Emily in France 🇫🇷 What Do You Eat When You're Sick?
Greetings from a world filled with rice soup
I do very few things halfway, including being sick.
If you were wondering why last week’s newsletter never came, it was because I was incubating some sort of awful virus that not only had me bedridden for three days but also left me averse to pretty much every food you can think of: the last of the beautiful black Muscat grapes I had been chilling, the multicolored heirloom carrots I had planned to roast on Halloween. I couldn’t abide the smell of garlic, or cheese, or eggs. The very idea of having coffee was (and remains) anathema.
But I had to eat something.
Being ill brings about the oddest latent food cravings. I haven't eaten oatmeal in years, but suddenly, that was all I wanted. And even with the gale storm winds outside my window, I was craving lemon popsicles. Peanut butter smeared on toast, rice simmered in broth until each grain was so soft it burst. For want of Saltines, I ate Bath Oliver’s biscuits and felt like a very fancy sick person indeed.
I’m on the mend, but I’m curious, reader: What do you eat, when you're feeling like you're rapidly approaching death’s door? What’s the comfort food you crave when you can barely stomach the idea of food at all?
Cheese of the Week
If you're a fan of Dutch cheeses like Edam or Gouda, mimolette is the one for you. Purported to be Charles de Gaulle’s favorite, this sphere of cheese with an almost lunar surface was ostensibly invented at the time of the Franco-Dutch War at the behest of finance minister Jean-Baptiste Colbert, who asked Flemish farmers to find a way to make Edam locally and thus keep the French from importing the foreign cheese. They used anatto imported from South America to disguise the copycat, and voilà : mimolette was born. You can find it young and tender, but my favorites are the extra-vieilles, with their shattery texture and bright orange glow.
To discover more of my favorite cheeses, be sure to follow me on Instagram @emily_in_france, subscribe to my YouTube channel, and tune into the Terroir Podcast, where Caroline Conner and I delve into France's cheese, wine, and more one region at a time.
Where I’m Going
1. To your living room (I hope!) to introduce you to the funky world of French cheese on Thursday 11am EST. (Sign up here!)
2. To le Bistrot de Paris to catch up with a dear friend (and dig into some French comfort food, now that I can stomach it!)
3. To Avignon, to meet up with some of my favorite people in the whole world.
What I’m Doing
1. Signups for the next edition of the Nantes Writers’ Workshop are open! In the meantime, be sure to sign up for our newsletter to keep those creative juices a-flowing.
2. As for TERRE/MER, the cuisine-and-ceramics retreat I run with ceramicist Camille Drozdz, we’re eager to begin planning our next edition – and we need your help! If you’d like to join us, let us know your preferred dates with this quick poll.
What I'm Writing
1. Stop buying French cheese in the United States – try these instead. For InsideHook.
2. This decadent burger recipe calls for blue cheese-stuffed patties and homemade bacon jam. For InsideHook.

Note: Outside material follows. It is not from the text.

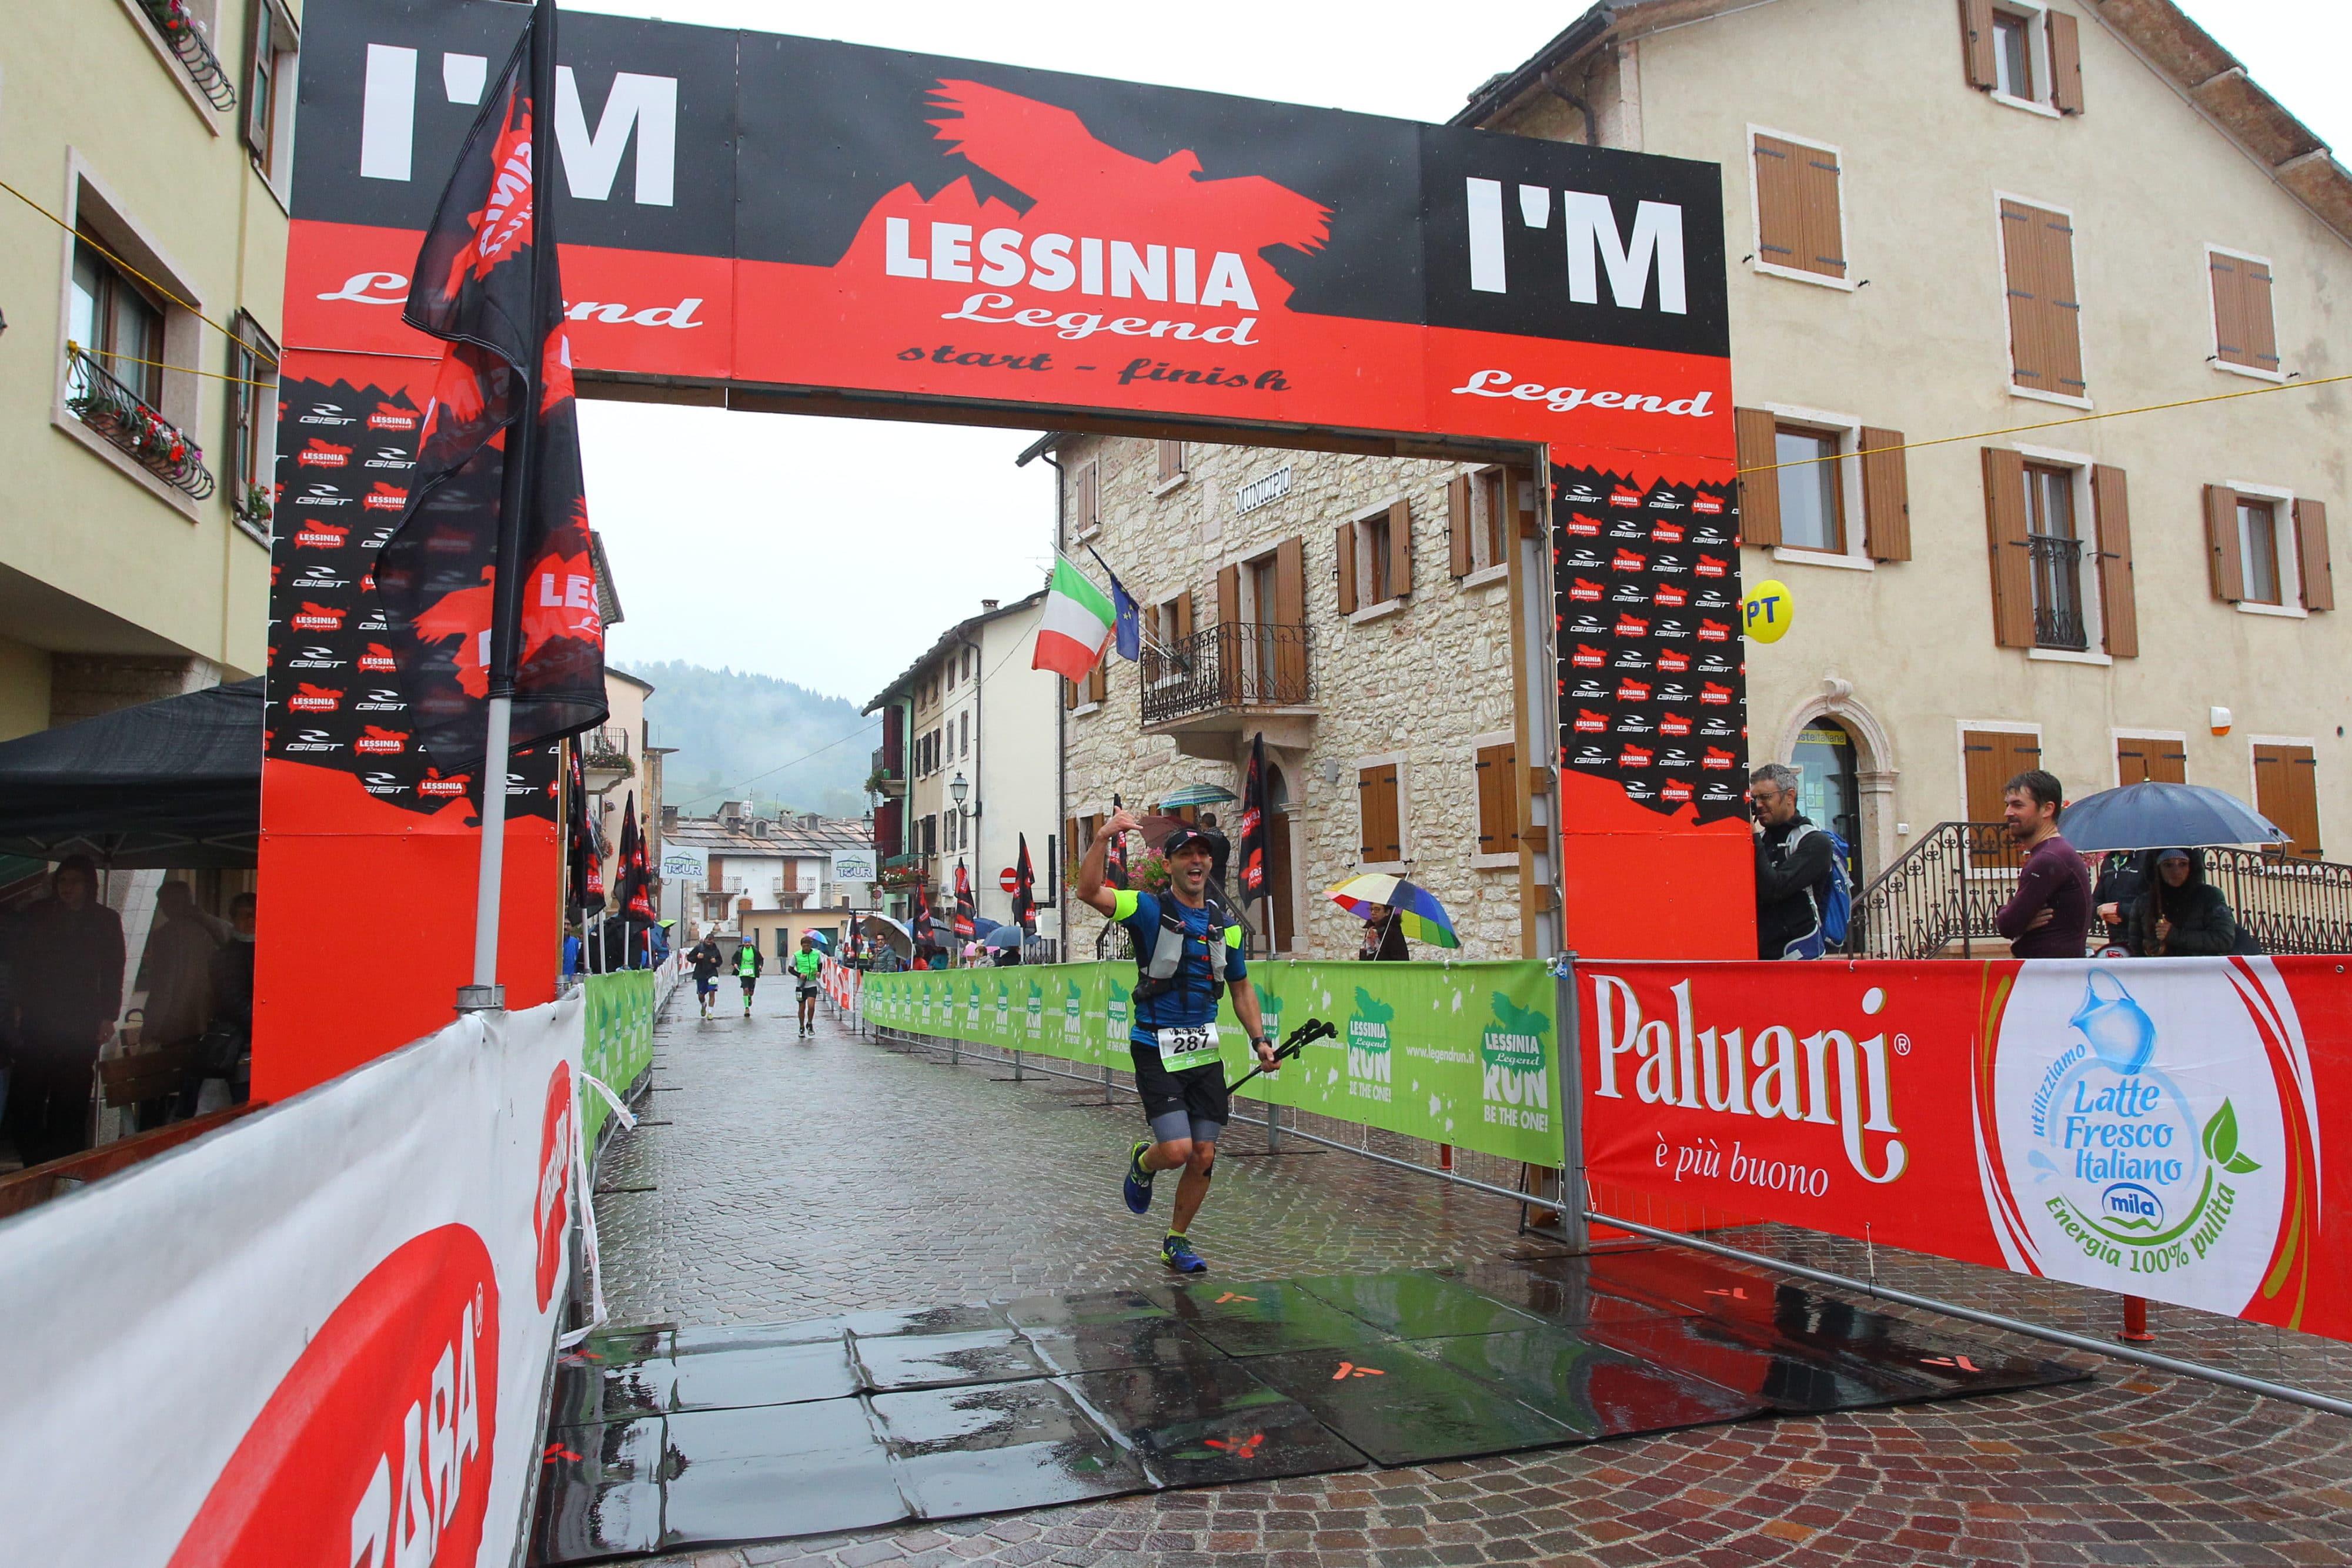 Runnerpercaso | Legend Run 2017 Finisher

3. From the archives: What's the cheesy, bacony way to say hygge in French? Tartiflette, bien sûr. For Food52.
What I'm Reading
1. There are books I love so much I can't put them down... and then there are books I love so much I *force* myself to put them down so that I can prolong the distinct pleasure of reading them. This fraught, beautiful love letter to the narrator's mother was one of the latter. On Earth We're Briefly Gorgeous is an exploration of the complexity of love and relationships: Of how pleasure and pain are so frequently intertwined, of how the family we are born into and the family we choose can coexist. It's a story of a young man coming to know both himself and his mother and overcoming the generations of trauma that afflict him and those around him. It's a love story of a wholly different, wholly gorgeous kind, and anyone who has yet to read it is lucky they still have it before them.
2. This heart-warming story of how one chef looks to make a difference on a global scale through food, which essentially explores the ways in which one needs to consider not just the nutritional needs but which foods bring comfort to those facing the harsh reality of war. In the BBC.
3. The deep dive into chicken fingers I had no idea I wanted or needed. In Taste.
A bientôt !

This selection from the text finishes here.